- _Data_
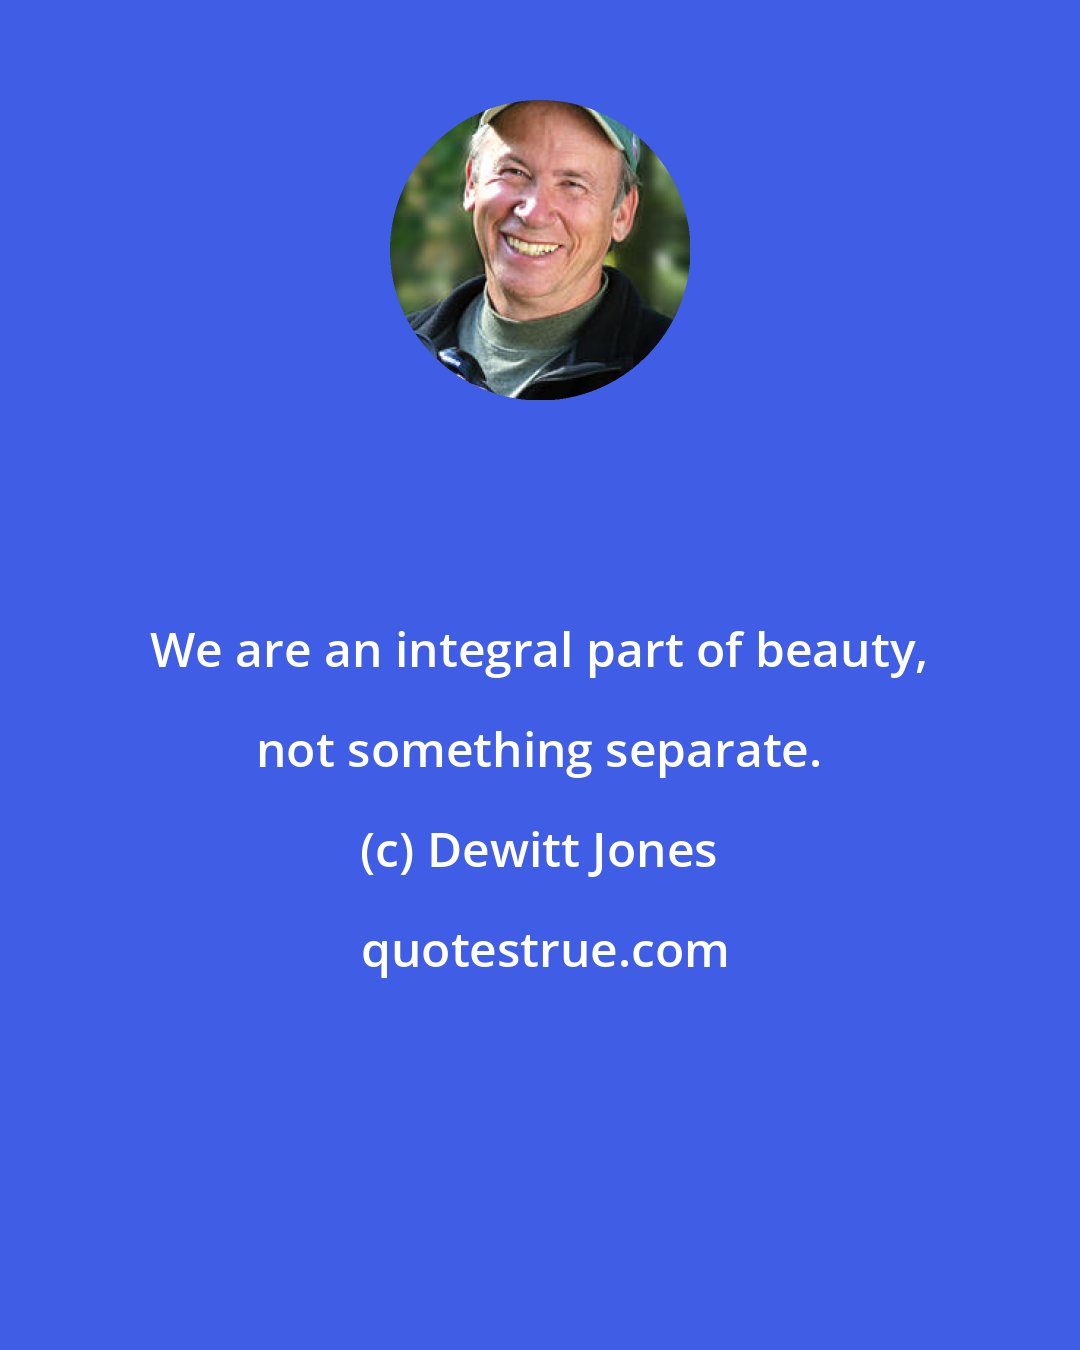 Dewitt Jones: We are an integral part of beauty, not something separate.
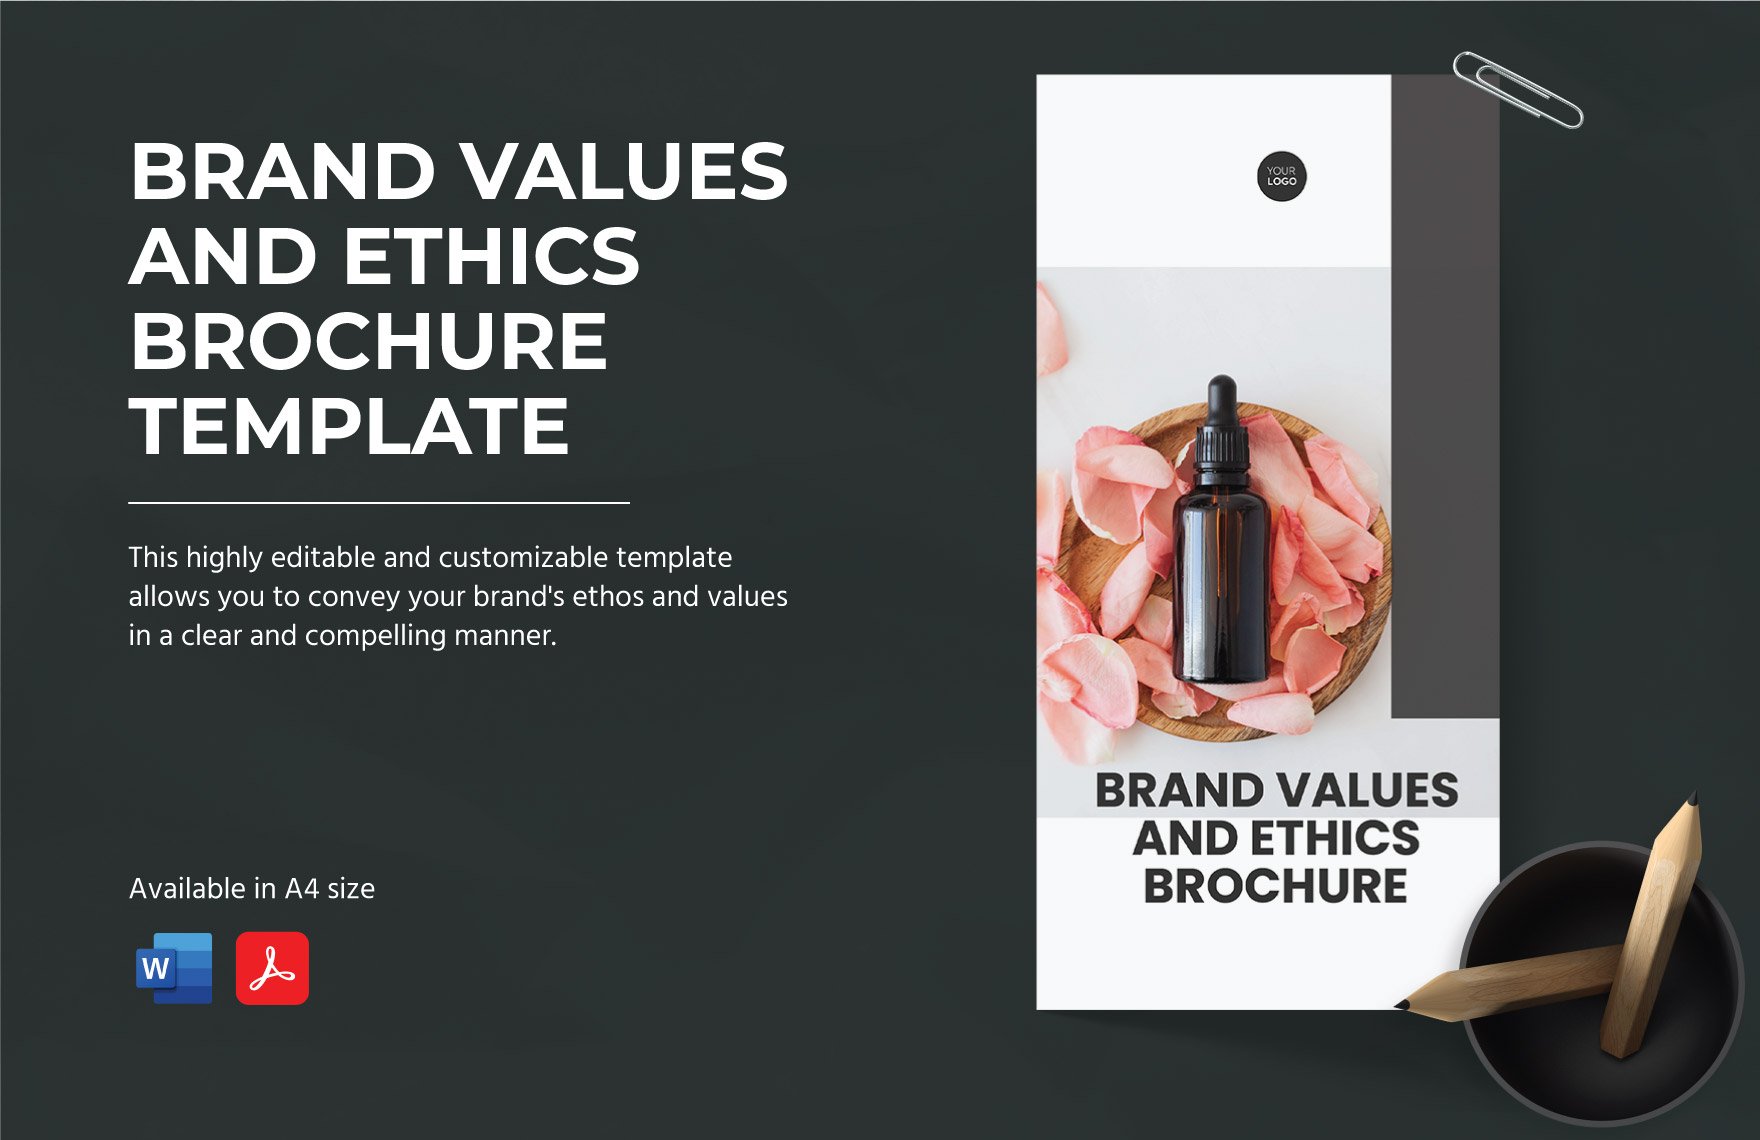 Brand Values and Ethics Brochure Template
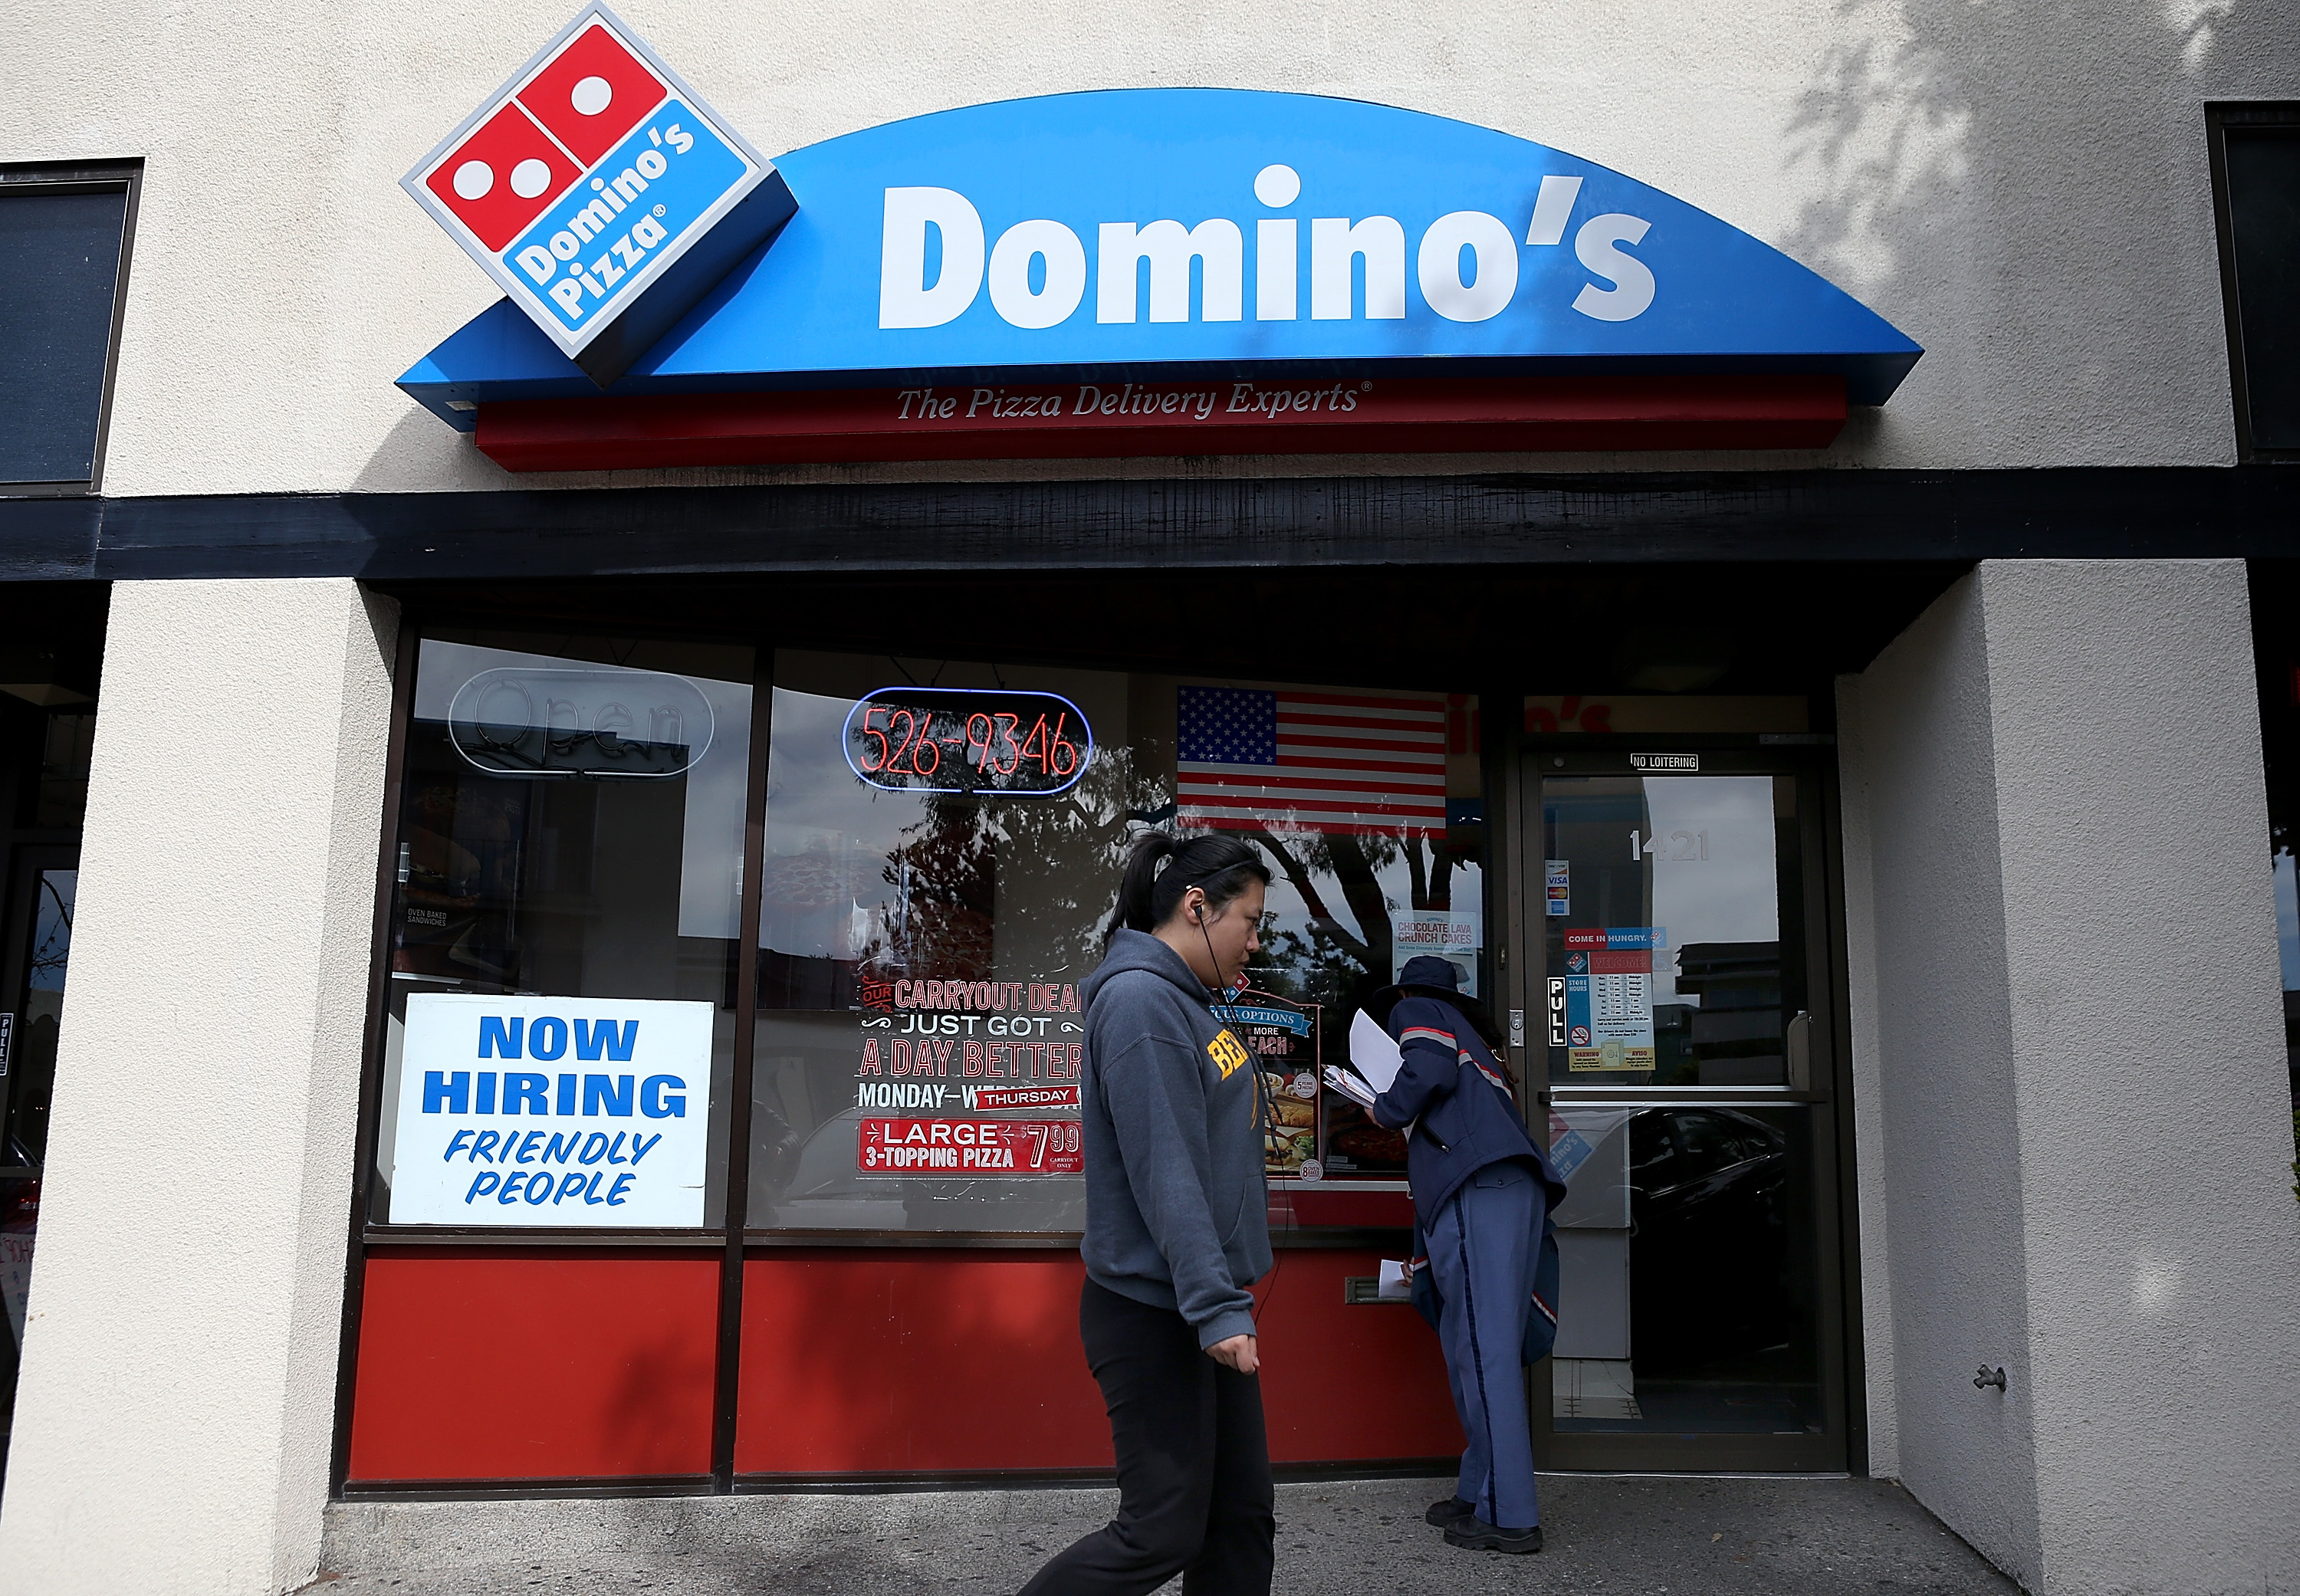 A person walks by the facade of a Domino’s Pizza restaurant

- _Exercise objective_
Print the listing word for word but skip its pictures.

- _Output for this task_
 Dewitt Jones: We are an integral part of beauty, not something separate.
 Brand Values and Ethics Brochure Template
 A person walks by the facade of a Domino’s Pizza restaurant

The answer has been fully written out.